Massive Text Embedding Benchmark

The leaderboard for embedding models

This March 2023 paper discusses the creation of the Massive Text Embedding Benchmark (MTEB).

Overview of MTEB

MTEB is introduced to address a gap in the evaluation of text embeddings.

The key points about MTEB are:

Scope of Evaluation

MTEB expands the evaluation of text embeddings beyond a narrow focus.

Traditional evaluations often limit themselves to a small set of datasets from a single task, not adequately covering the diverse applications of text embeddings.

Comprehensive Benchmarking

The benchmark encompasses 8 embedding tasks, including bitext mining, classification, clustering, pair classification, reranking, retrieval, semantic textual similarity (STS), and summarization, across 58 datasets and 112 languages.

Inclusiveness of Models

It benchmarks 33 different models, making it one of the most comprehensive benchmarks to date in the field of text embeddings.

Key Observations and Findings

Lack of Dominant Method

The evaluation reveals that no single text embedding method consistently outperforms others across all tasks.
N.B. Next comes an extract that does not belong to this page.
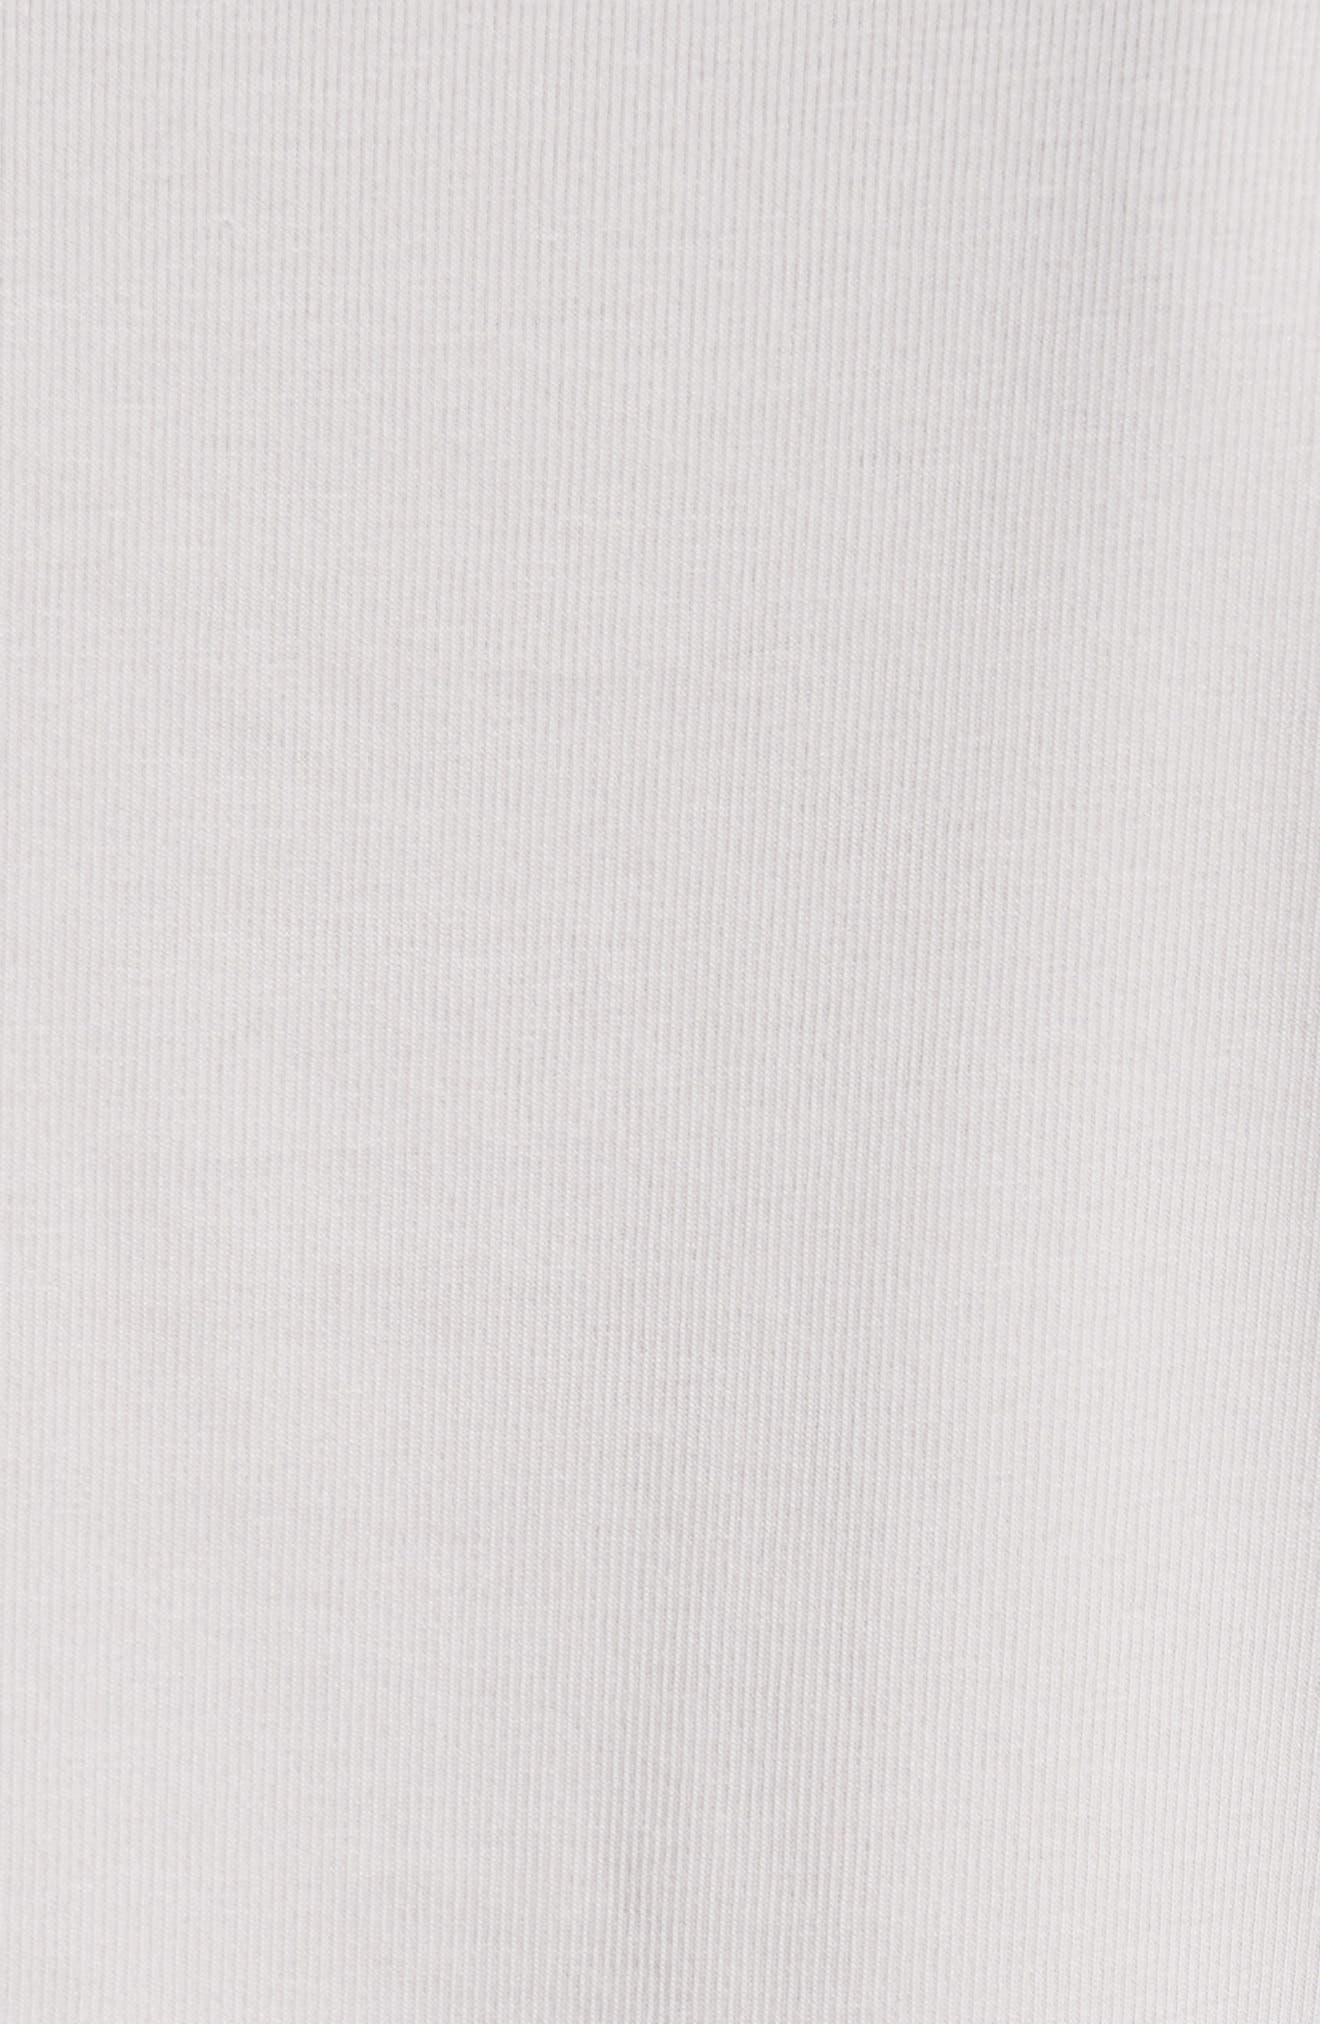 Beaded Crêpe de Chine Front Tank,                             Alternate thumbnail 5, color,                             050

This suggests the absence of a universal text embedding method that can provide state-of-the-art results for all embedding tasks.

Diversity of Use Cases

The paper highlights the vast range of use cases for natural language embeddings, from clustering and topic representation to search systems and text mining, and as features for downstream models.

Practicality and Intractability

The paper notes the infeasibility of using generative language models or cross-encoders for certain applications due to their extensive computational requirements.

Challenges in the Field

Limited Evaluation Regimes

Current text embedding models are often evaluated in a constrained manner, focusing on tasks like STS and classification, but not thoroughly tested for transferability to other tasks like search or clustering.

Poor Correlation with Real-World Use Cases:

It's mentioned that STS evaluations may not correlate well with other real-world applications, indicating a gap in the current evaluation methodologies.

Influence of Implementation Details

The paper emphasises the impact that pre-processing and hyperparameter settings can have on model performance, suggesting that these factors can obscure whether performance improvements are genuine or a result of favourable evaluation setups.

Contributions of the Paper

Introduction of MTEB: The paper introduces MTEB as a solution to provide clarity on model performance across a variety of embedding tasks.

Ease of Evaluation: MTEB's open-source software allows for easy evaluation of any embedding model with minimal coding effort.

Holistic View: The paper promises a holistic view of the state of text embedding models, including both open-source models and those accessible via APIs.

No Single Best Solution: An important finding is that there is no single best solution for text embeddings, as different models excel in different tasks.

Benchmarks

Existing Benchmarks: The paper references various benchmarks like (Super)GLUE, Big-BENCH, and SemEval, which have traditionally been used for text embedding evaluation.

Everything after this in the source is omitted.